Furthermore, it does not follow a strict 7-day cycle (like most competitor’s plans), because at Higher Running we believe some workouts take longer to recover from and adapt to.

Unlike other “cookie-cutter” training plans that just list mileage and a general pace, this Higher Running plan gives you essential specifics on how to do workouts at the right intensity for the most beneficial training stimuli. This plan is derived from the theories and practices of the most legendary distance running coaches and exercise scientists from around the world: Arthur Lydiard, Jack Daniels, Renato Canova, and Peter Pfitzinger to name a few. Also, we highly recommend that before starting this plan you’ve taken a break from racing and are starting fresh with an established a base of at least 2-weeks of easy-paced running of at least 30 miles a week. If you haven’t run a single week over 25 miles (40km) per week in your running career yet, we highly recommend that you take several months (or even a year) to build up your mileage base so you are consistently averaging at least 20 to 25 miles (32km-40km) per week on a regular basis without any serious injury before starting this training program. The plan tops out at 35 to 40miles (56-64km) per week.

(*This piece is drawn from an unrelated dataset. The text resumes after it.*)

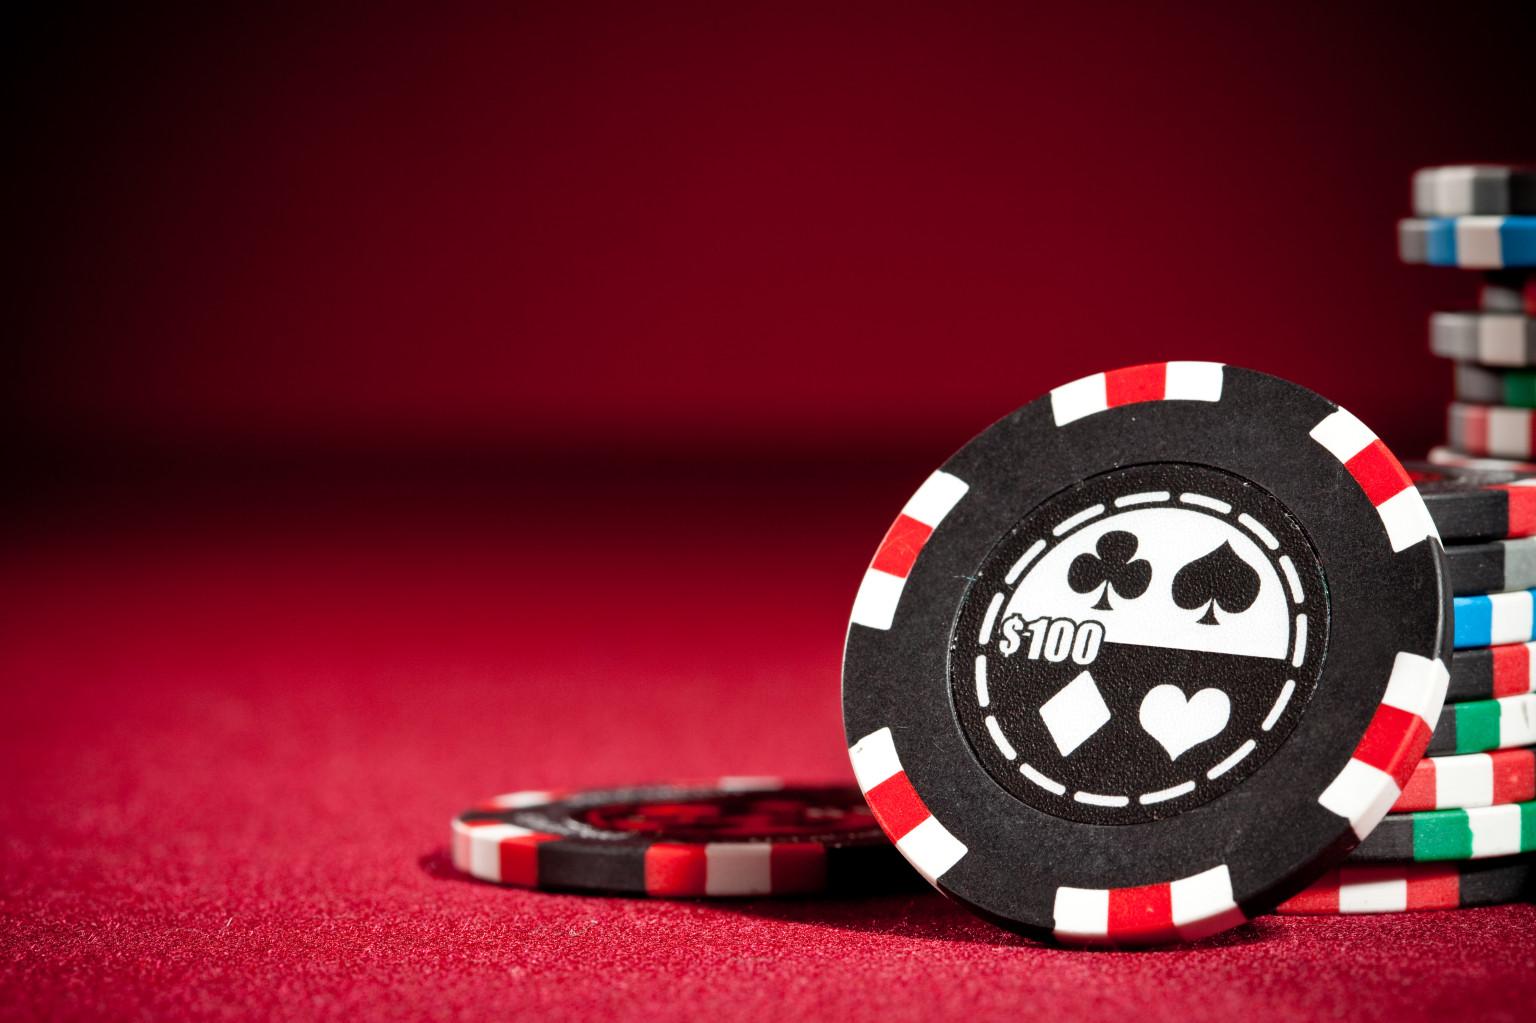 Jeux casino: où jouer correctement ?

The training plan comes with both a miles and kilometers version! This plan contains speed workouts and long runs that will help you run faster, stronger, and with more confidence. We call this The “Not So Beginner” Half Marathon Plan because it’s more than just a basic beginner plan that is just meant to get you across the finish line. This plan is for half marathon runners who have run in the 2:15 to 1:40 range and are looking to improve their personal best times.